## INFORMATION PROVIDED
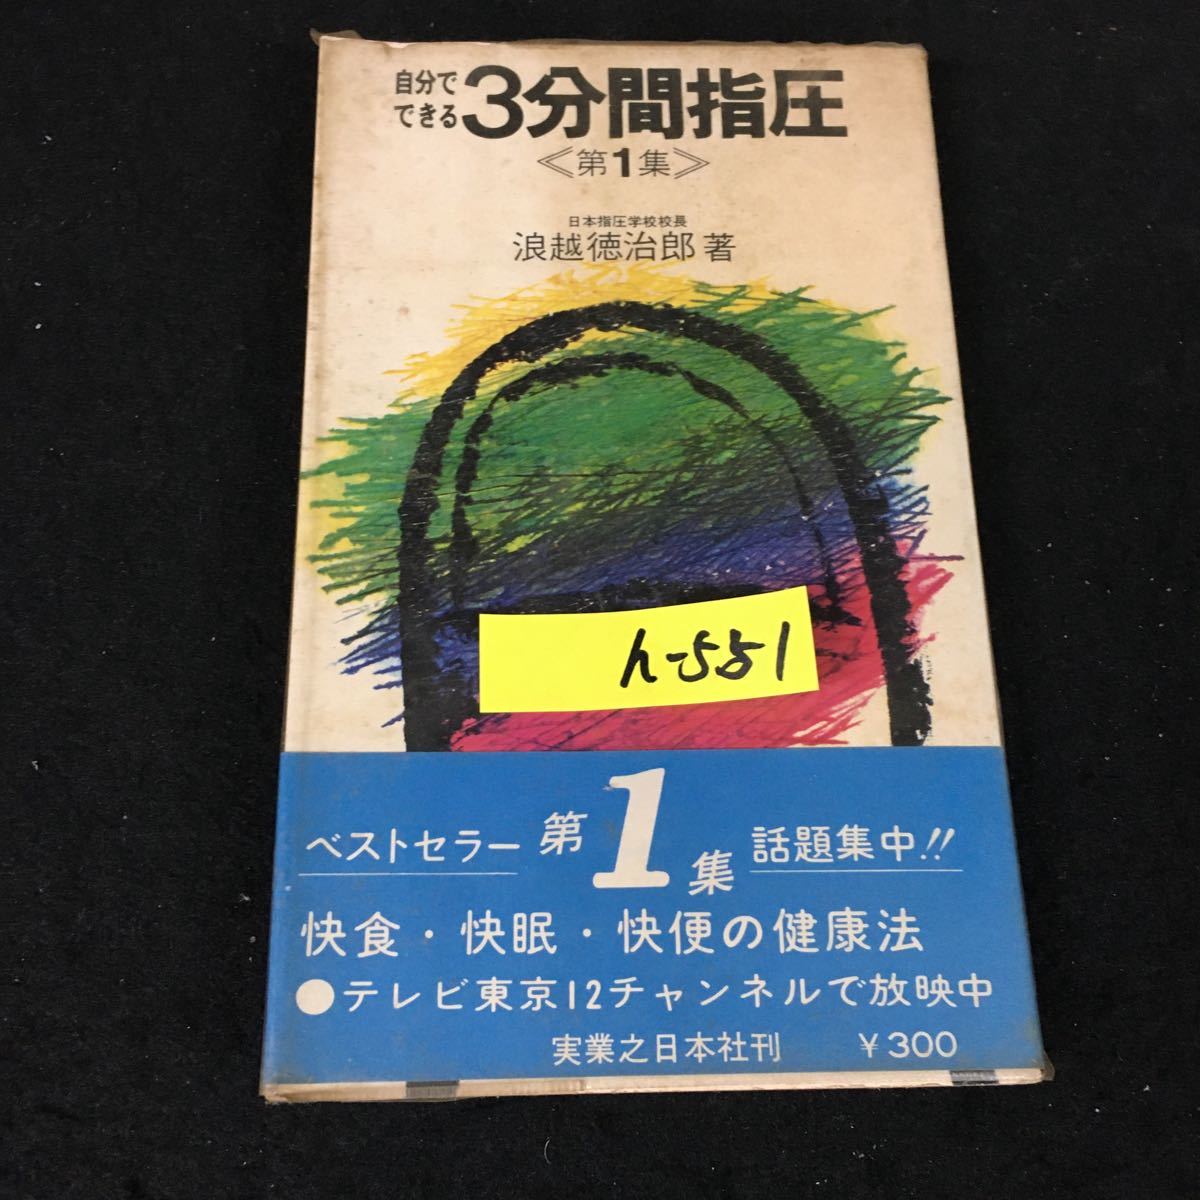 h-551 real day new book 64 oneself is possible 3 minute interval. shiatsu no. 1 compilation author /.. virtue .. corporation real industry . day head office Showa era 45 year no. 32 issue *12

==

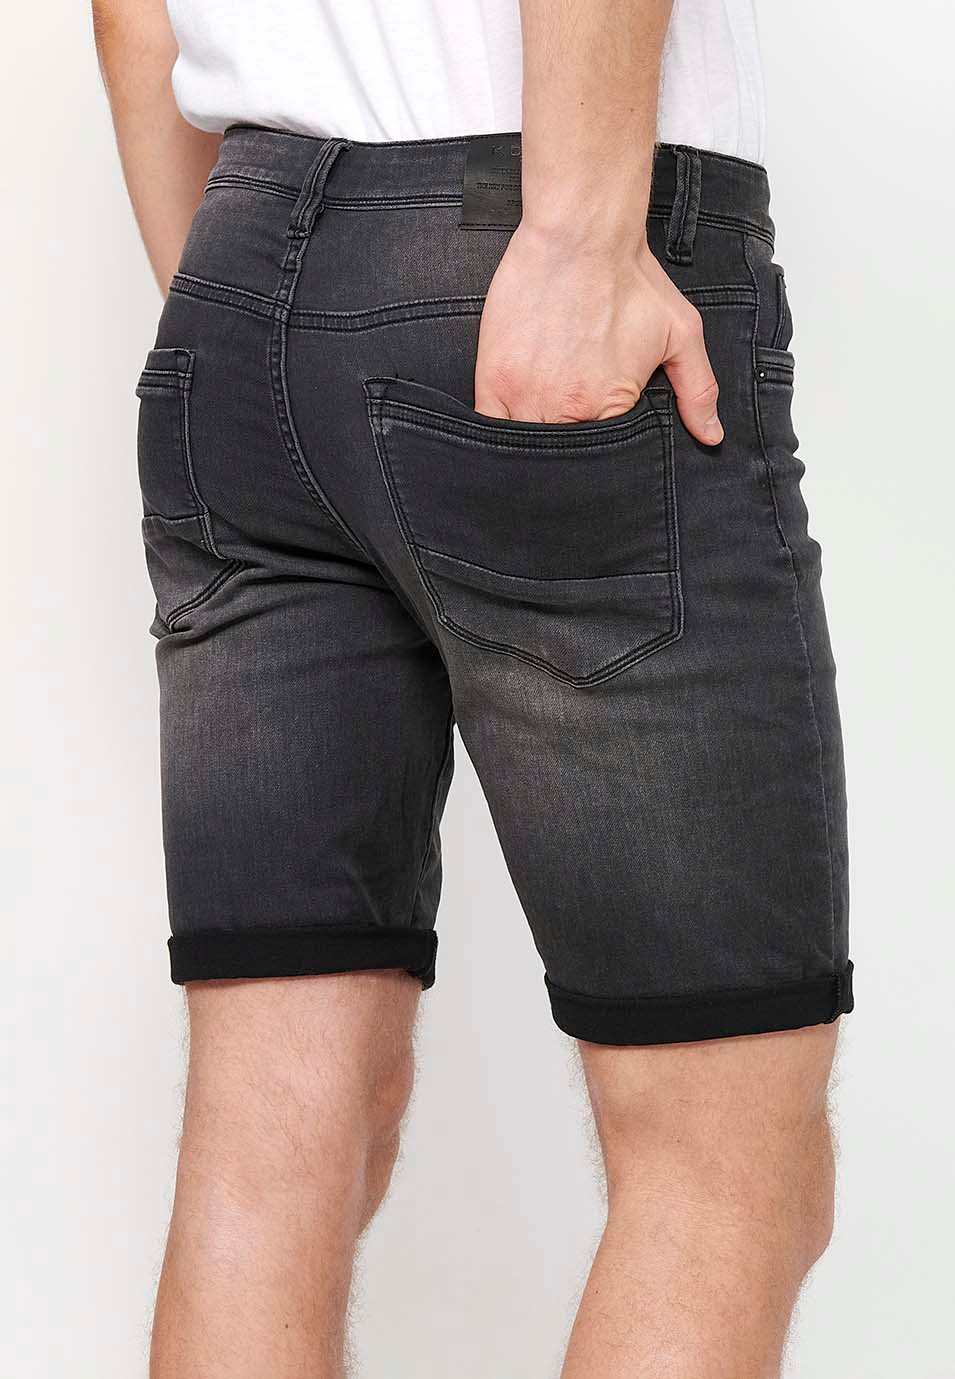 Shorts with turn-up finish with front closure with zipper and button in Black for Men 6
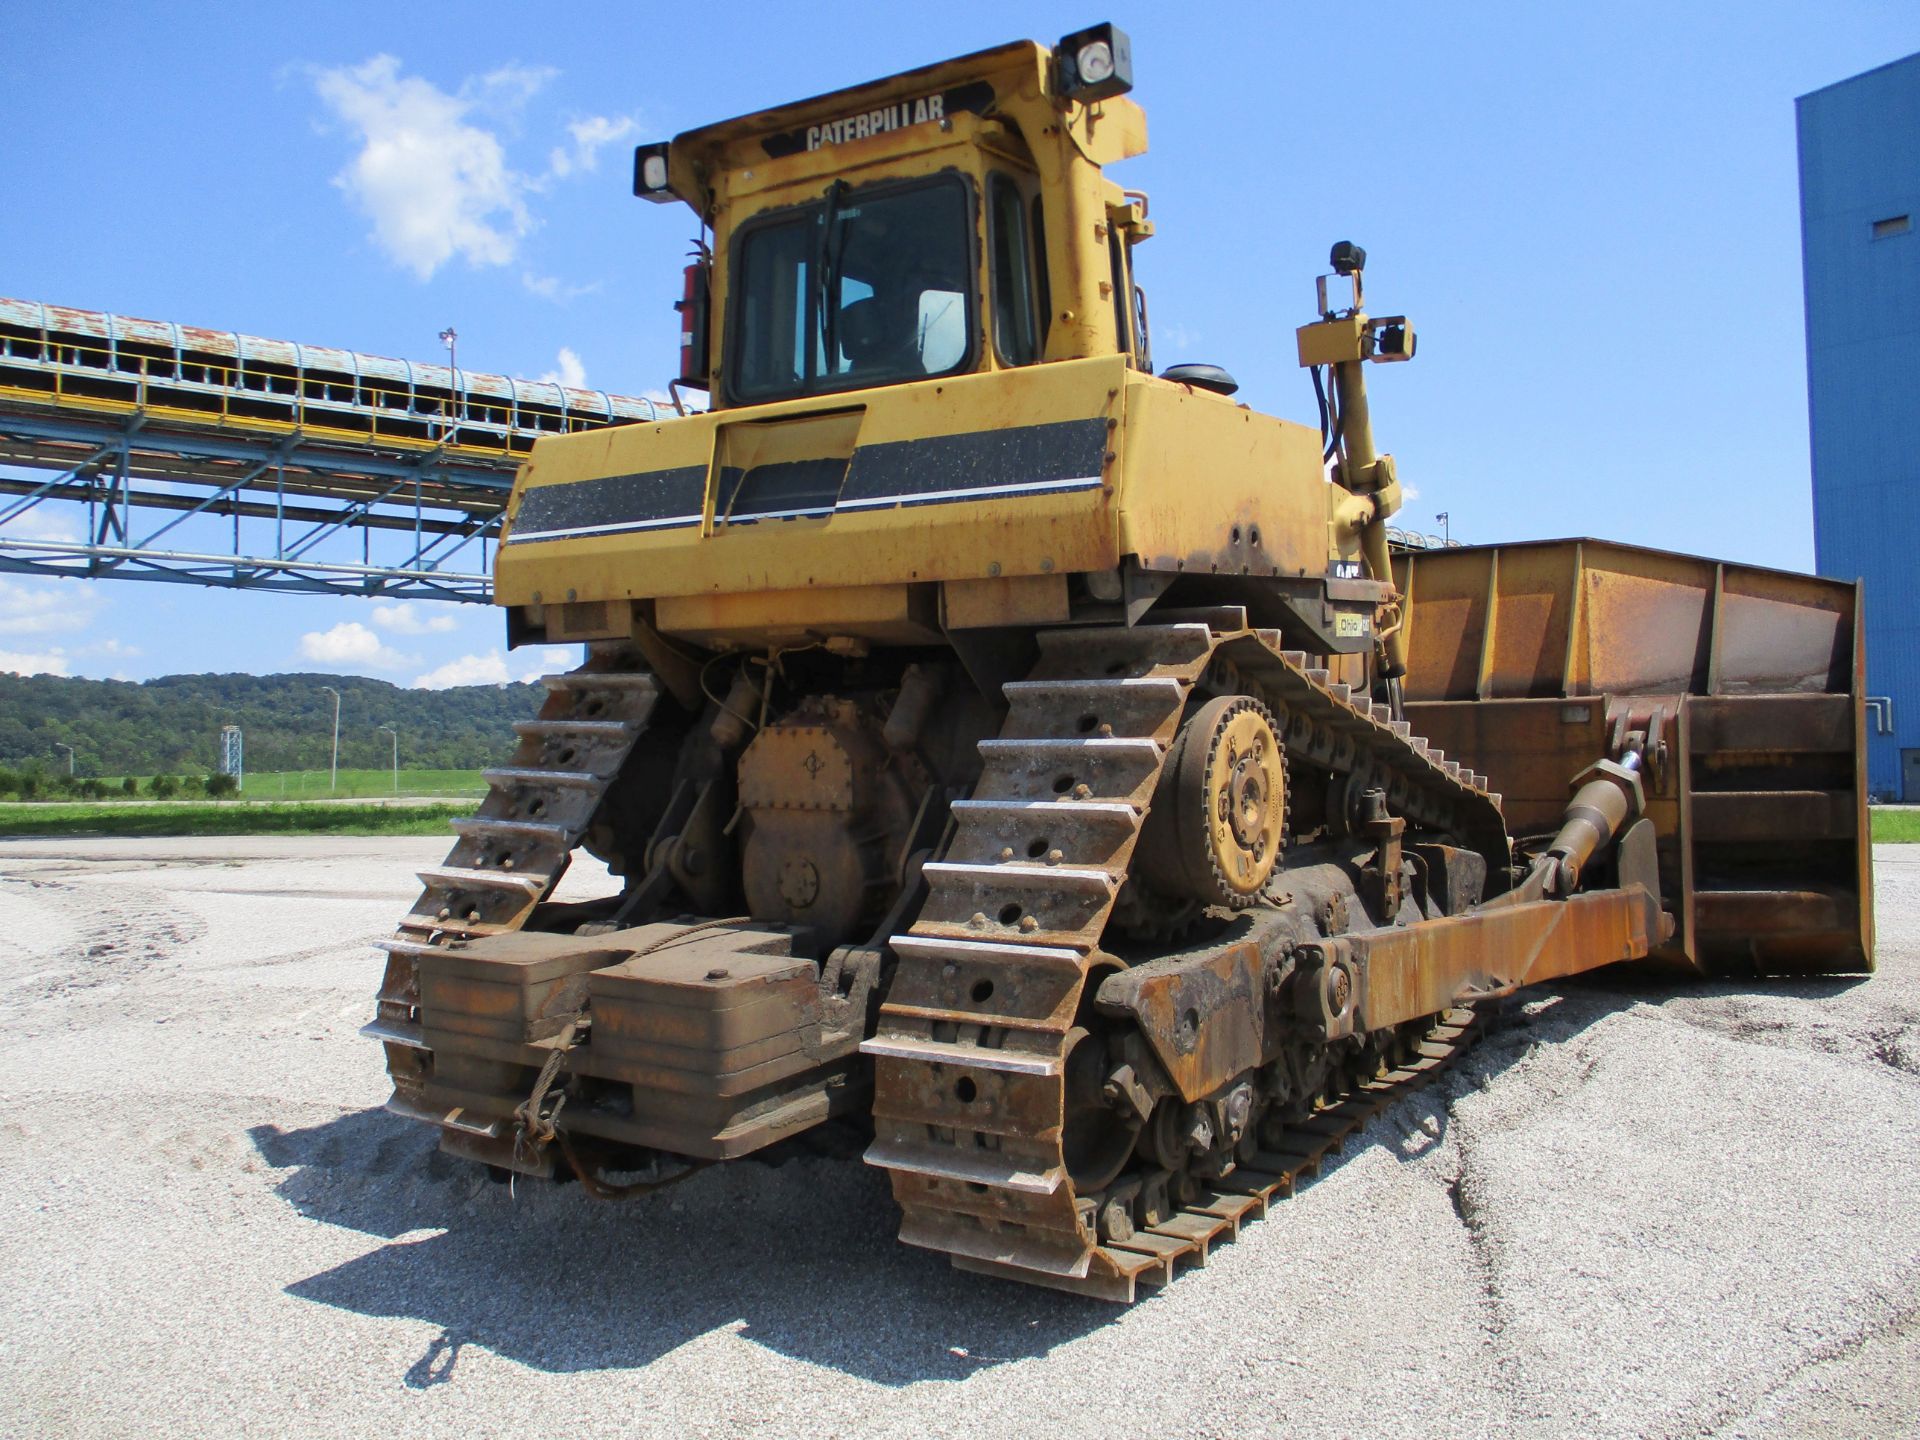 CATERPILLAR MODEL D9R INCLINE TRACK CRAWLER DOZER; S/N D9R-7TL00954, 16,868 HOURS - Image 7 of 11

## EXERCISE INSTRUCTIONS
Return only the stretch above from the line containing "Shorts with turn-up" through the line containing "CATERPILLAR MODEL D9R", word for word and without pictures.

## RESPONSE TO THE TASK
 Shorts with turn-up finish with front closure with zipper and button in Black for Men 6
 CATERPILLAR MODEL D9R INCLINE TRACK CRAWLER DOZER; S/N D9R-7TL00954, 16,868 HOURS - Image 7 of 11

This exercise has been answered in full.